Largement relayée dans les médias, une cagnotte Leetchi, mise en place pour soutenir les cheminots par un collectif d’intellectuels mené par le sociologue Jean-Marc Salmon, a explosé les compteurs. Lancée le 23 mars, elle totalise un mois plus tard 927 000 euros de dons destinés aux cheminots, et ne cesse de croître. “Nous avons de la sympathie pour les cheminots grévistes. Ils défendent un de nos biens communs. […] Il importe que le mouvement puisse durer. Nous soutiendrons financièrement les cheminots », expliquent les initiateurs de la cagnotte sur Mediapart.

Jean-Marc Salmon et les syndicats se sont mis d’accord sur la meilleure façon de distribuer cet argent : il ira à une association créée pour l’occasion par l’intersyndicale (CGT, UNSA, Sud et CFDT).

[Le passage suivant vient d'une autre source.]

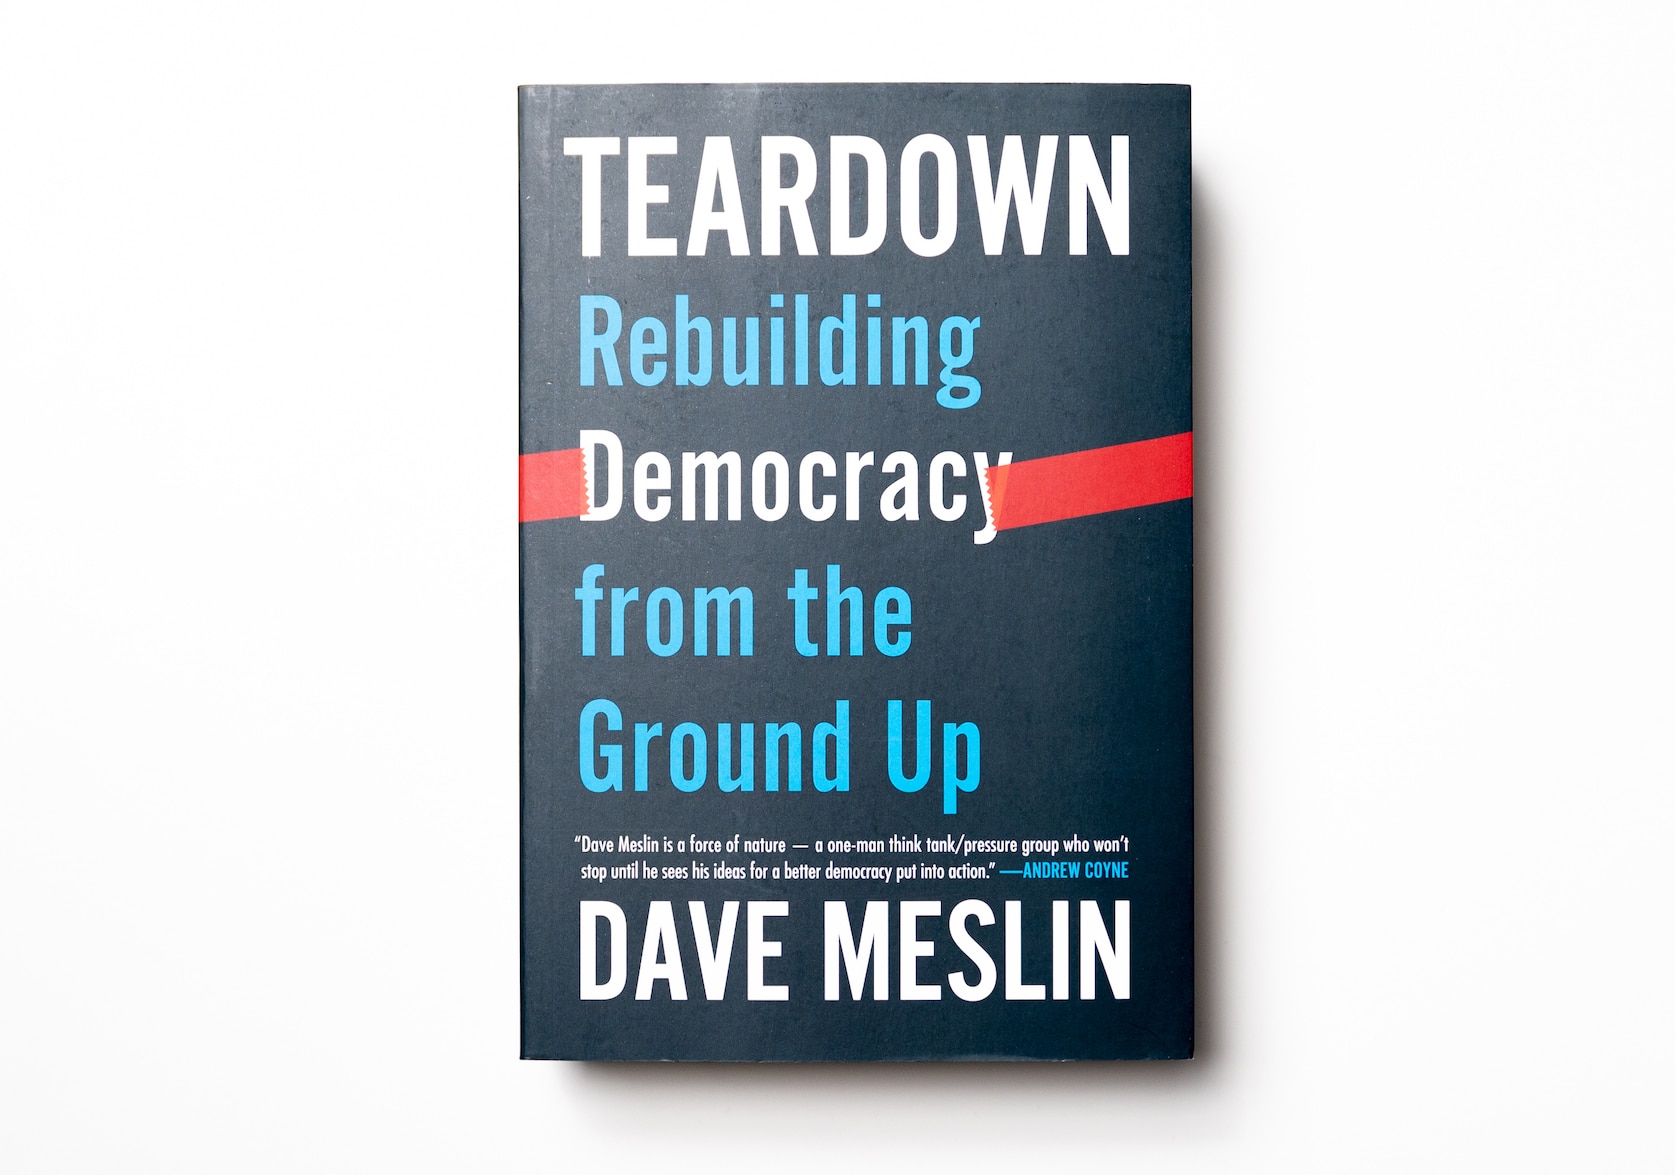 Teardown: Rebuilding Democracy from the Ground Up by Dave Meslin

Les statuts de l’association ont déjà été déposés “mais il faut attendre de recevoir le récépissé qui sera envoyé par la préfecture” pour débloquer les fonds, explique Jean-Marc Salmon, joint par France 24, qui espère que cela pourra se faire “au cours de la première semaine de mai”. Ainsi, “aucun syndicat n’aura plus qu’un autre la mainmise sur la cagnotte. Elle sera gérée dans l’unité, et nous (les syndicats) en sommes fiers”, se réjouit Fabien Dumas, membre du bureau fédéral de Sud.

Ensuite, l’argent de la cagnotte viendra aider les grévistes qui en feront la demande, détaille Fabien Dumas. “À priori, l’indemnisation se déclenchera à partir du quatrième jour de grève, pour ceux qui en feront la demande. L’argent ira à tous les grévistes, qu’ils soient syndiqués ou non”, précise-t-il.

À l’heure qu’il est, il reste sept jours avant que la cagnotte ne s’achève et dépasse, peut-être, le million d’euros. La grève, elle, pourrait durer plus longtemps. Les fonds déjà récoltés sont insuffisants, fait remarquer Anasse Kazib. Le délégué Sud-Rail à Paris-Nord, contacté par France 24, se livre à un rapide calcul mental : avec un taux de grévistes qui oscille désormais autour de 20 %, contre 33,9 % le premier jour, la mobilisation concernerait près de 30 000 des 148 000 employés de la SNCF. À cette échelle, un million représenterait 33 euros par personne.

Chaque jour de grève coûte, lui, un trentième du salaire mensuel. Cela représente 70 euros bruts pour les premiers salaires de la grille, en 2016. Autrement dit, à l’heure actuelle, la cagnotte permettrait de compenser une seule demie journée de grève pour les salaires les moins élevés. Or au total, des préavis de grève ont été déposés pour 36 journées de mobilisation.

Chez les adhérents de Sud Rail, où l’on a déposé un préavis reconductible et où les grévistes sont davantage mobilisés, les difficultés pourraient arriver plus rapidement. « Cela fait un mois que je fais grève. Heureusement, j’ai de l’argent de côté, confie Fabien Dumas. Mais les agents du matériel, les ‘qualif B’ comme on les appelle (parmi les bas salaires évoqués plus haut, NDLR), eux n’ont pas d’économies, ils ont déjà du mal. » « Ma compagne fait aussi grève donc on est doublement affectés, ajoute Anasse Kazib, lui aussi chez Sud Rail. On annulera ce qui est secondaire. S’il faut annuler les vacances d’été, on le fera. »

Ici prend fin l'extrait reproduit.